DATA BLOCK -

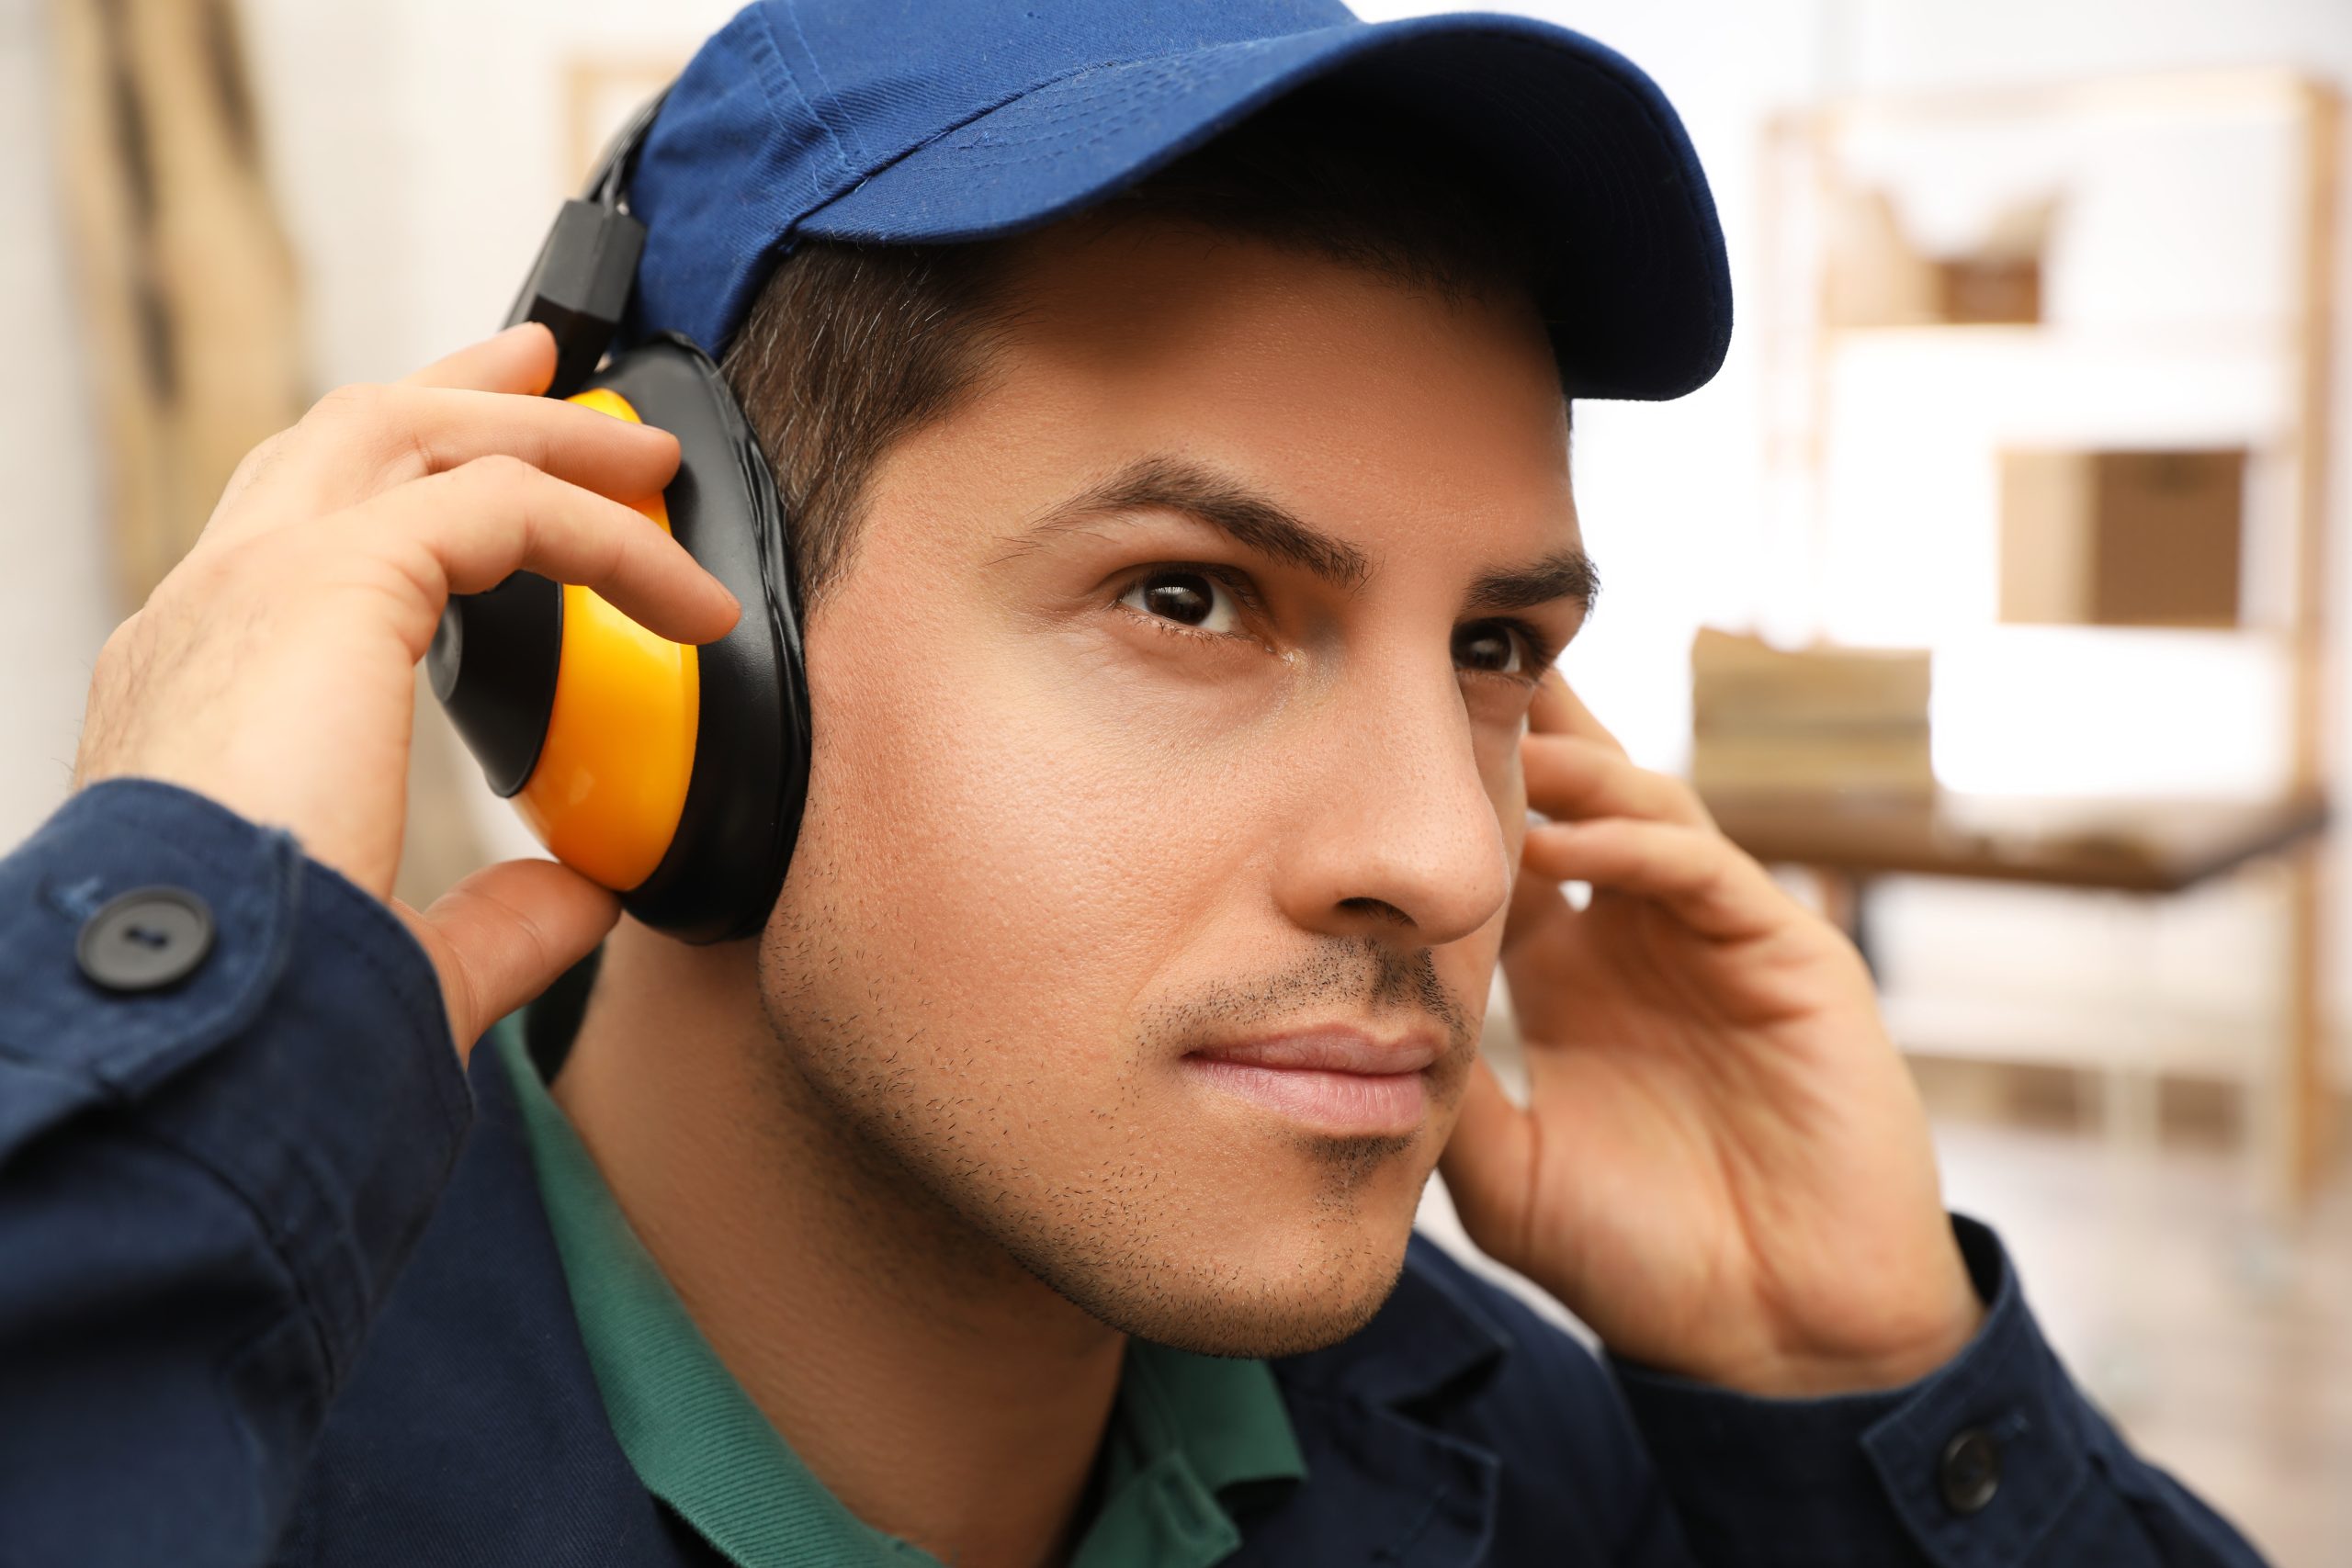 Protector auditivo - Evitar el ruido en el entorno laboral
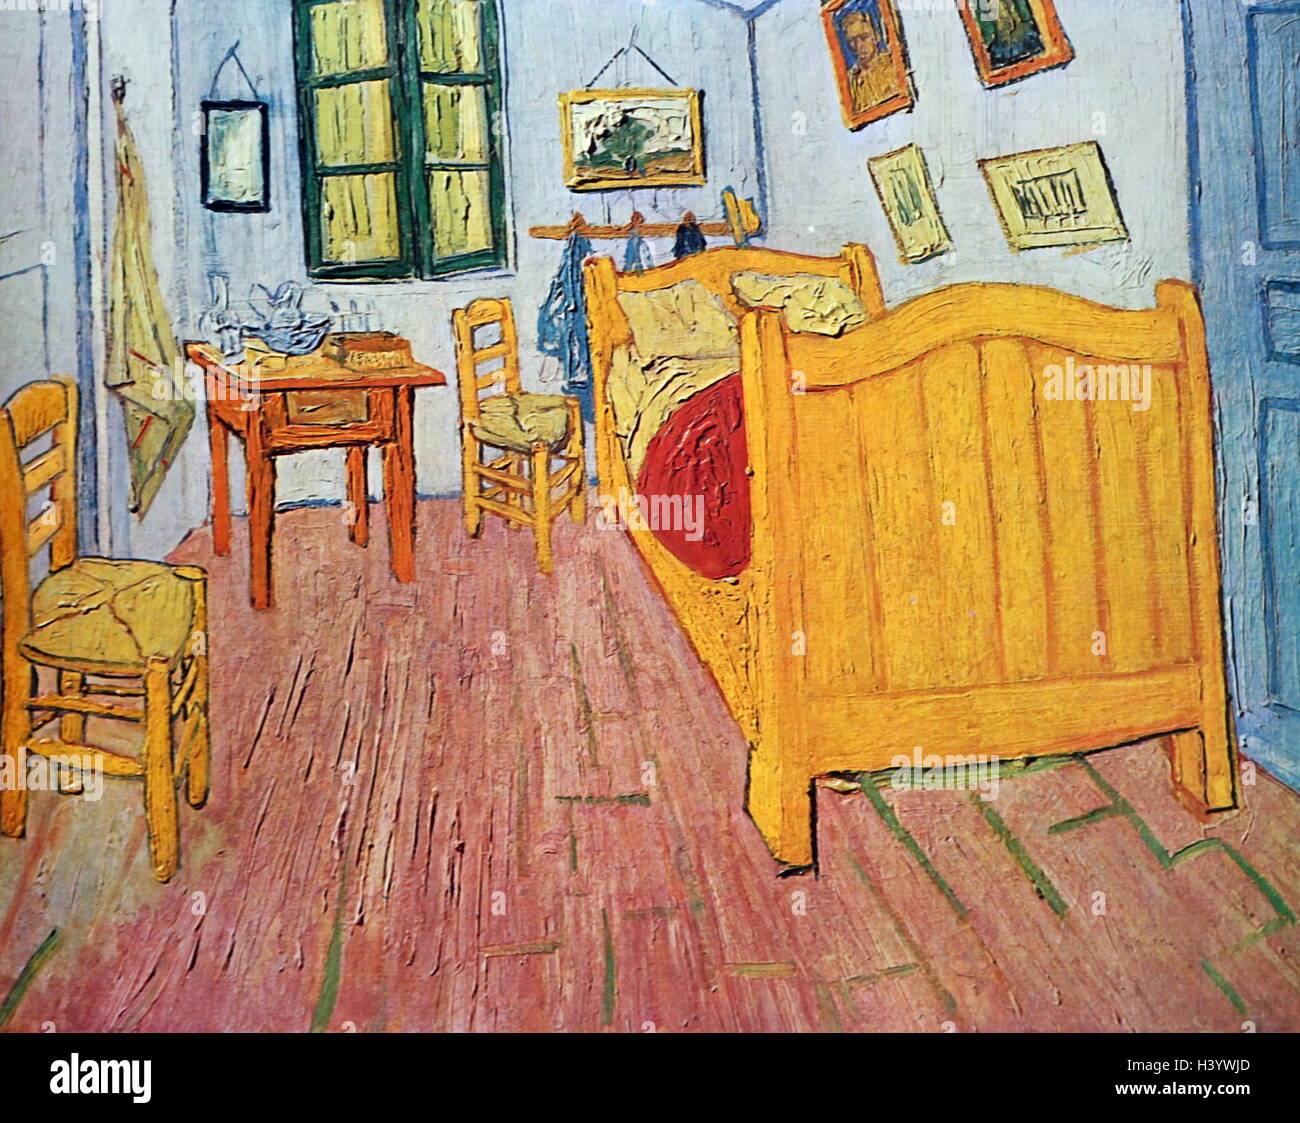 Gemälde mit dem Titel "Schlafzimmer in Arles" von Vincent Van Gogh (1853-1890) niederländische Post-Impressionisten Maler. Vom 19. Jahrhundert Stockfoto
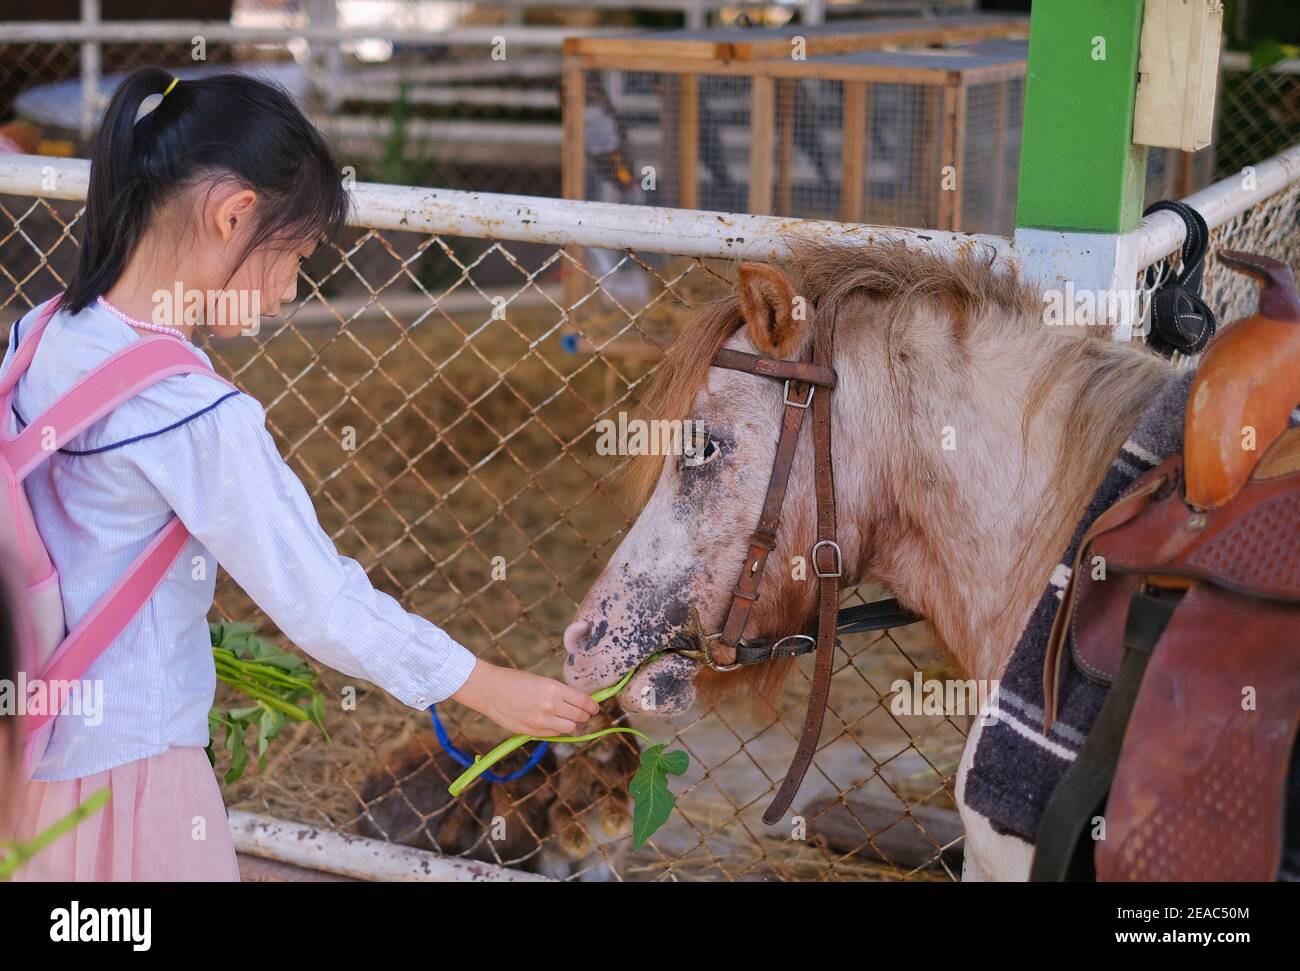 Une jeune fille asiatique mignonne nourrit des feuilles d'un poney brun dans une ferme. Banque D'Images

EXERCISE OBJECTIVE -
The lines from the one that contains "Gemälde mit dem" through the end of the data, repeated exactly and with no pictures, make up the whole answer.

OUTPUT BELOW -
 Gemälde mit dem Titel "Schlafzimmer in Arles" von Vincent Van Gogh (1853-1890) niederländische Post-Impressionisten Maler. Vom 19. Jahrhundert Stockfoto
 Une jeune fille asiatique mignonne nourrit des feuilles d'un poney brun dans une ferme. Banque D'Images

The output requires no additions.